Within this disclosure, different entities (which may variously be referred to as “units,” “circuits,” other components, etc.) may be described or claimed as “configured” to perform one or more tasks or operations. This formulation-[entity] configured to [perform one or more tasks]—is used herein to refer to structure (i.e., something physical). More specifically, this formulation is used to indicate that this structure is arranged to perform the one or more tasks during operation. A structure can be said to be “configured to” perform some task even if the structure is not currently being operated. Thus, an entity described or recited as being “configured to” perform some task refers to something physical, such as a device, circuit, a system having a processor unit and a memory storing program instructions executable to implement the task, etc. This phrase is not used herein to refer to something intangible.
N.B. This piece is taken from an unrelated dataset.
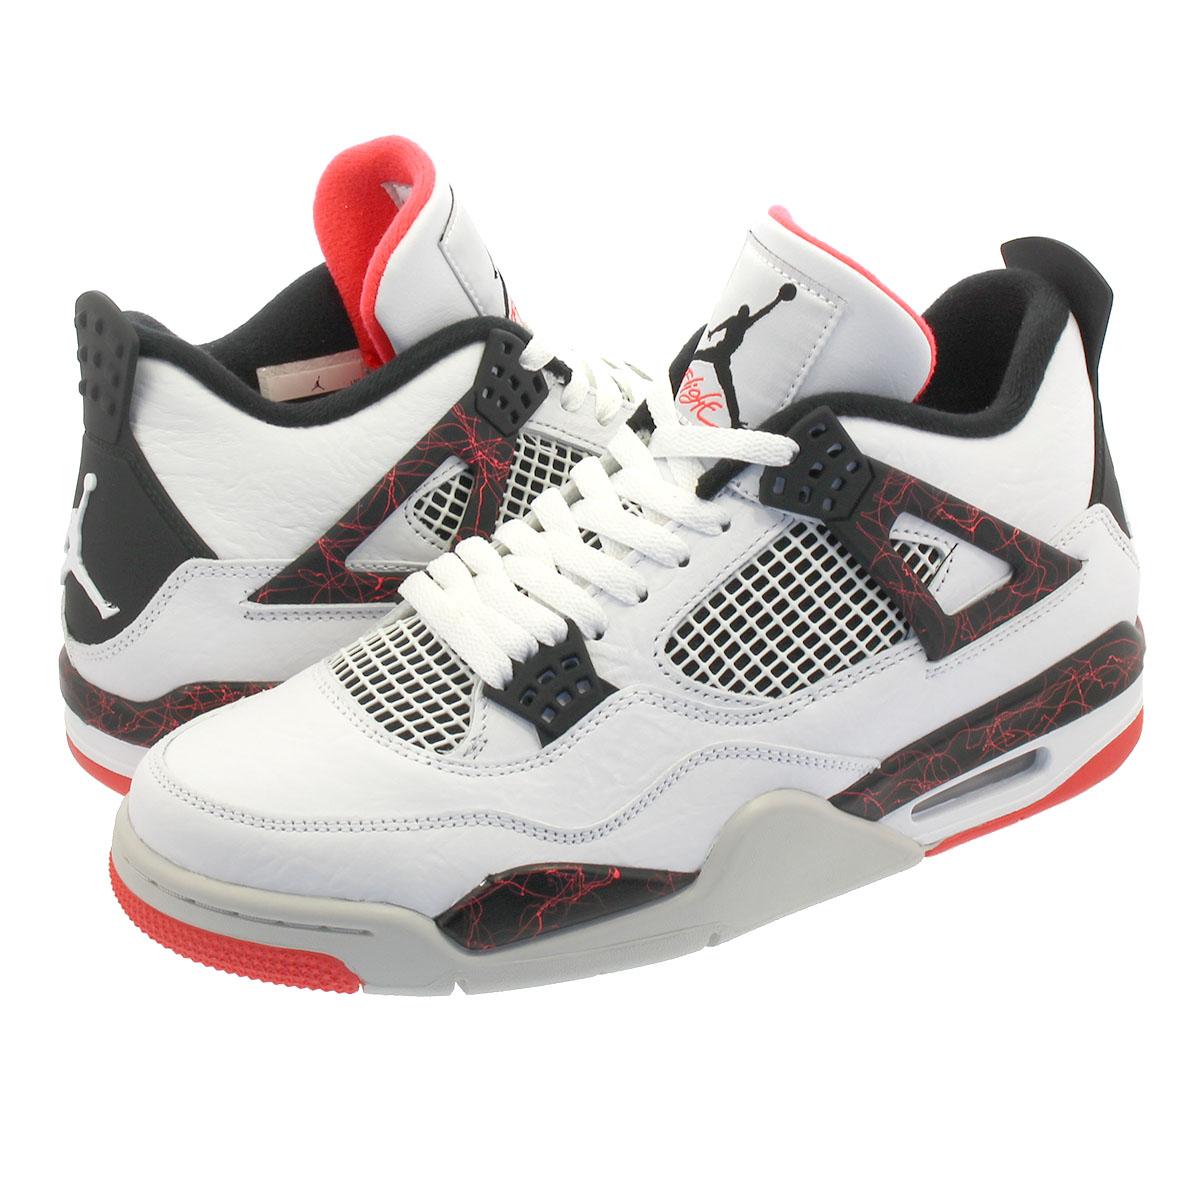 official photos 12e01 0ce27 NIKE AIR JORDAN 4 RETRO Nike air Jordan 4 nostalgic WHITE BLACK LIGHT  CRIMSON PALE CITRON 308,497-116

In some cases, various units/circuits/components may be described herein as performing a set of task or operations. It is understood that those entities are “configured to” perform those tasks/operations, even if not specifically noted.
The term “configured to” is not intended to mean “configurable to.” An unprogrammed FPGA, for example, would not be considered to be “configured to” perform a particular function. This unprogrammed FPGA may be “configurable to” perform that function, however. After appropriate programming, the FPGA may then be said to be “configured to” perform the particular function.
For purposes of United States patent applications based on this disclosure, reciting in a claim that a structure is “configured to” perform one or more tasks is expressly intended not to invoke 35 U.S.C. § 112 (f) for that claim element. Should Applicant wish to invoke Section 112 (f) during prosecution of a United States patent application based on this disclosure, it will recite claim elements using the “means for” [performing a function] construct.
Number | Date | Country | Kind |
---|---|---|---|
PCT/CN2023/095750 | May 2023 | WO | international |
The present application claims priority to PCT Appl. No. PCT/CN2023/095750, entitled “GENERATING RULES FOR PREDICTING CHARACTERISTICS OF COMPUTER OPERATIONS”, filed May 23, 2023, which is incorporated by reference herein in its entirety.